Her estranged sister, Thalia, an impoverished Actress with a capital A, is her polar opposite, priding herself on exposing the lurid truth lurking behind middle class niceties.
While Laurel's life seems neatly on track - a passionate marriage, a treasured daughter, and a lovely home in suburban Victorianna - everything she holds dear is suddenly thrown into question the night she is visited by the ghost of a her 13-year old neighbor, Molly Dufresne. The ghost leads Laurel to the real Molly, floating lifelessly in the Hawthorne's backyard pool. Molly's death is inexplicable - an unseemly mystery Laurel knows no one in her whitewashed neighborhood is up to solving. Only her wayward, unpredictable sister is right for the task, but calling in a favor from Thalia is like walking straight into a frying pan protected only by Crisco.
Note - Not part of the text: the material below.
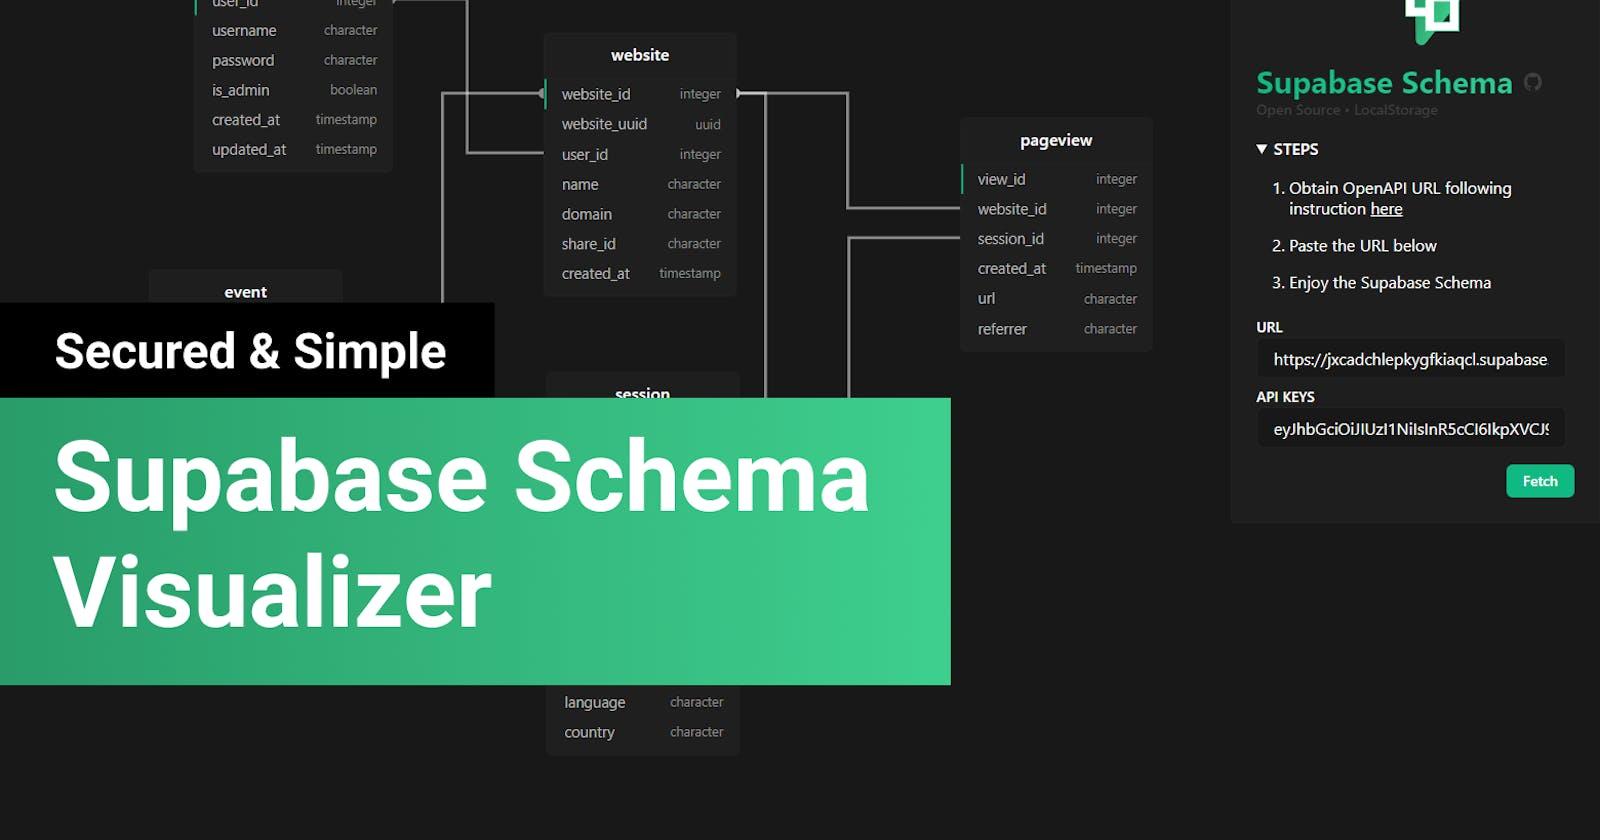 Supabase Schema Visualizer - No installation/login

Enlisting Thalia's help, Laurel sets out on a life-altering journey that triggers startling revelations about her family's guarded past, the true state of her marriage, and the girl who stopped swimming.
Richer and more rewarding than any story Joshilyn Jackson has yet written, yet still packed with Jackson's trademarked outrageous characters, sparkling dialogue, and defiantly twisting plotting, The Girl Who Stopped Swimming is destined both to delight Jackson's loyal fans and capture a whole new audience.
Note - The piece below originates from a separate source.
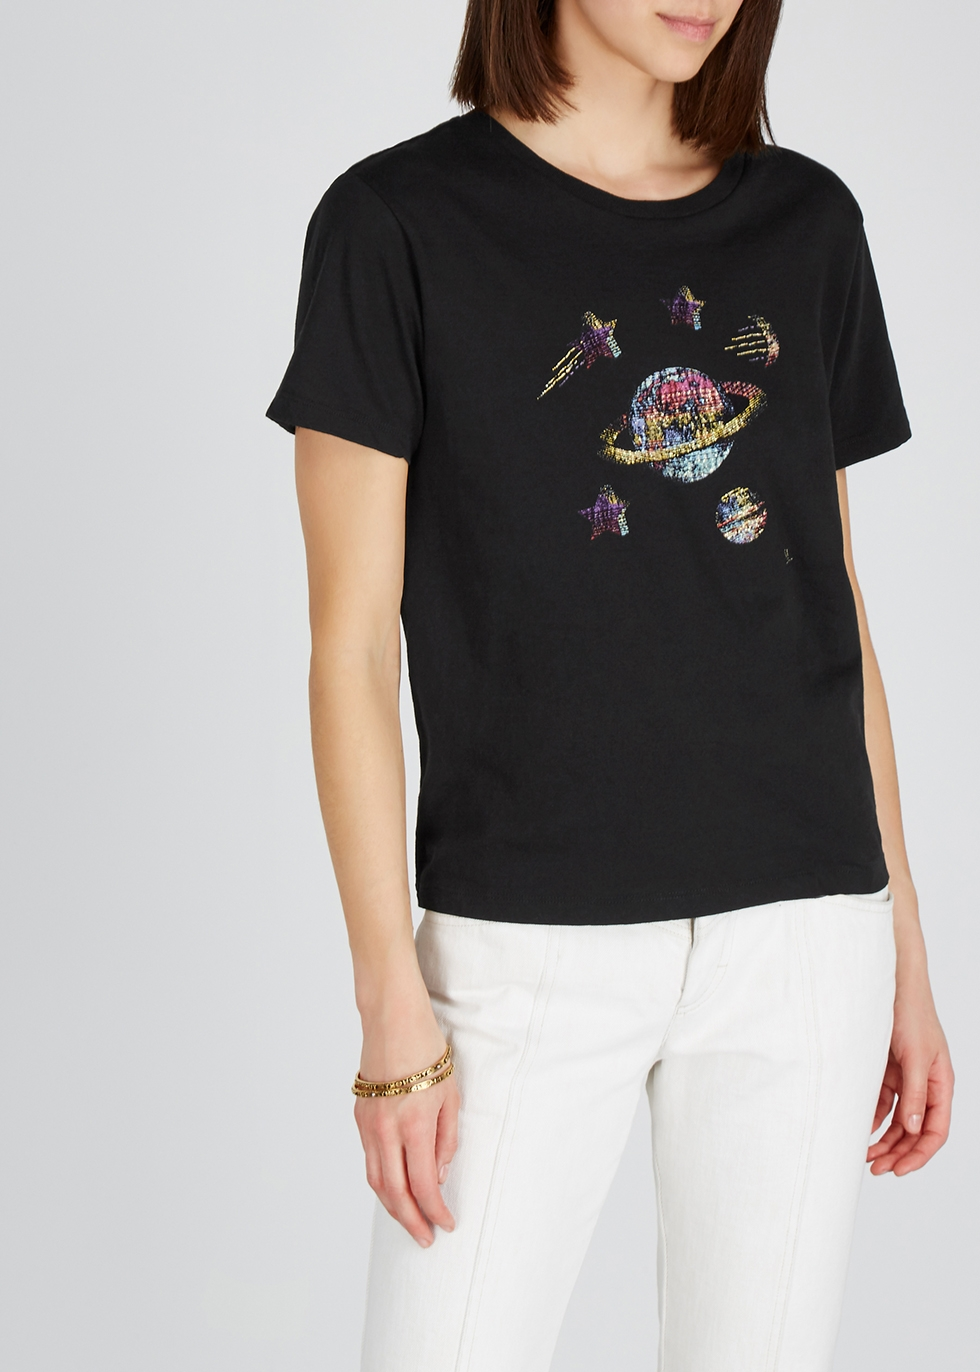 Black printed cotton T-shirt - Saint Laurent

©2008 Joshilyn Jackson; (P)2008 Hachette Audio
"Jackson matches effortless Southern storytelling with a keen eye for character and heart-stopping circumstances." (Publishers Weekly)
While I find her books really easy to get into, they are richly layered - her plot lines are just as interesting as are her characters and her observations. I am always more than a bit unhappy when I am done listening to one of her books, because I just want it to go on or have a sequel.